A failed stream does not close the whole WebSocket connection by default. Stream-level errors finalize only that stream (terminated fires for the same streamId), while other streams on the same connection can continue. Connection-level failures end the whole connection and all active streams.

import { RealtimeError, SonioxError } from "@soniox/node";

try {
  const stream = await client.realtime.tts({ voice: "Adrian" });
  stream.sendText("Hello!", { end: true });
  for await (const _ of stream) {
    // consume audio
  }
} catch (err) {
  if (err instanceof RealtimeError) {
    console.error(`Realtime TTS error (${err.code}):`, err.message);
  } else if (err instanceof SonioxError) {
    console.error("Soniox SDK error:", err.message);
  } else {
    throw err;
  }
}

Server-driven defaults

Set shared TTS fields once on the client via tts_defaults and they'll be merged as the base layer every time you open a stream. Caller-provided fields on client.realtime.tts(...) / connection.stream(...) override the defaults, so you never need to spread them manually.

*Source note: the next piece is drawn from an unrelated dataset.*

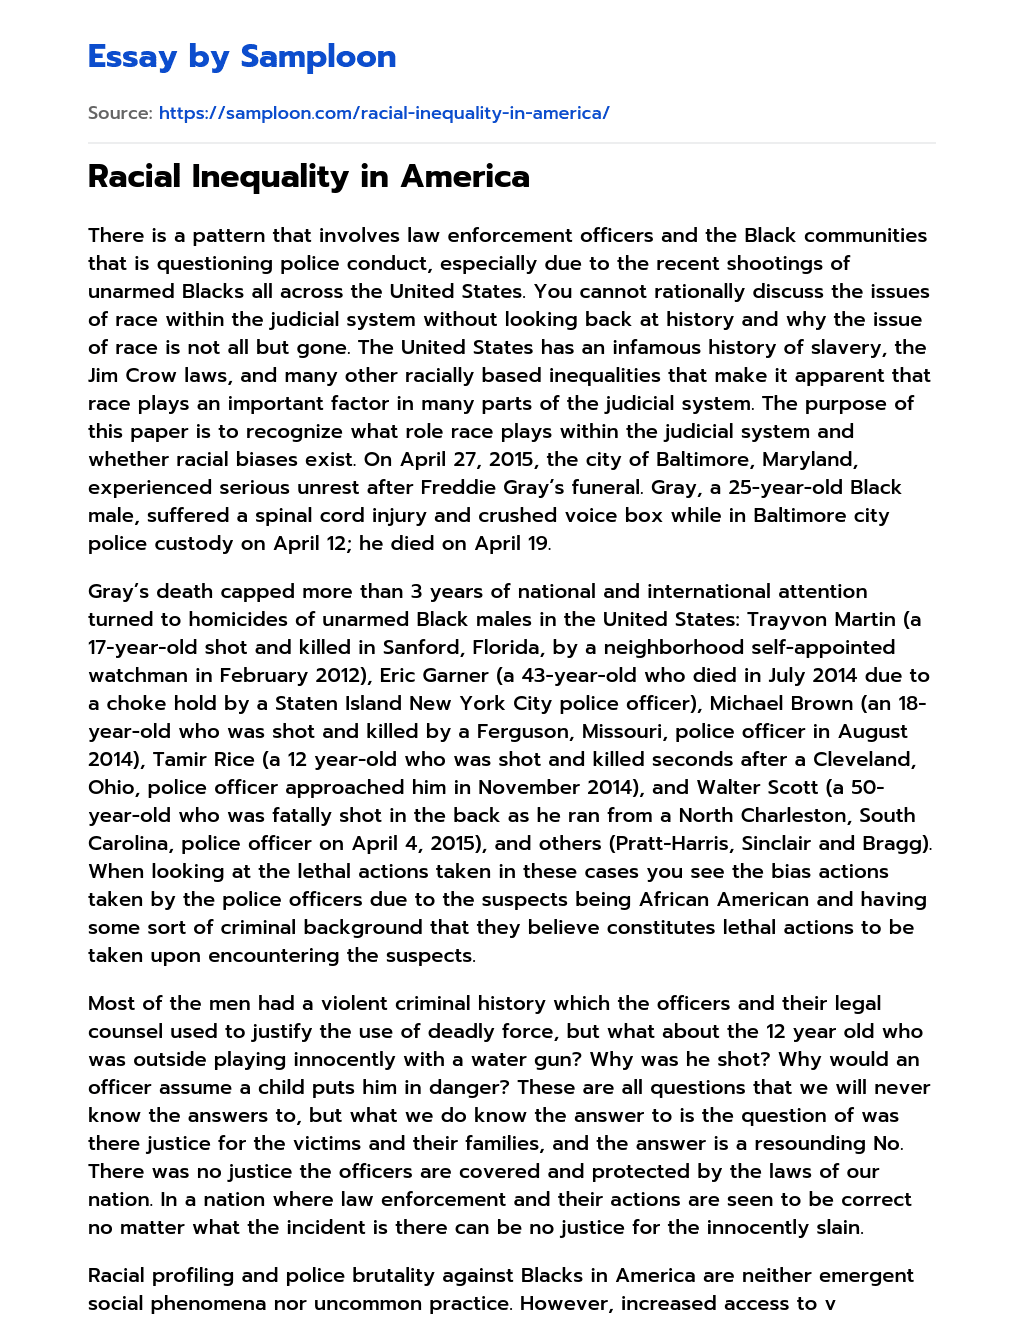 racial inequality intro essay

import { SonioxNodeClient } from "@soniox/node";

const client = new SonioxNodeClient({
  tts_defaults: {
    model: "tts-rt-v1",
    language: "en",
    voice: "Adrian",
    audio_format: "wav",
  },
});

// Inherits everything from tts_defaults.
const stream = await client.realtime.tts();

// Overrides the default voice for this stream only.
const customVoice = await client.realtime.tts({ voice: "<another-voice>" });

tts_defaults is also accepted on RealtimeOptions if you want to scope defaults to a specific realtime namespace.

On the Web and React SDKs, the equivalent is SonioxConnectionConfig.tts_defaults — return it from the async config resolver alongside the temporary api_key so the server owns the defaults.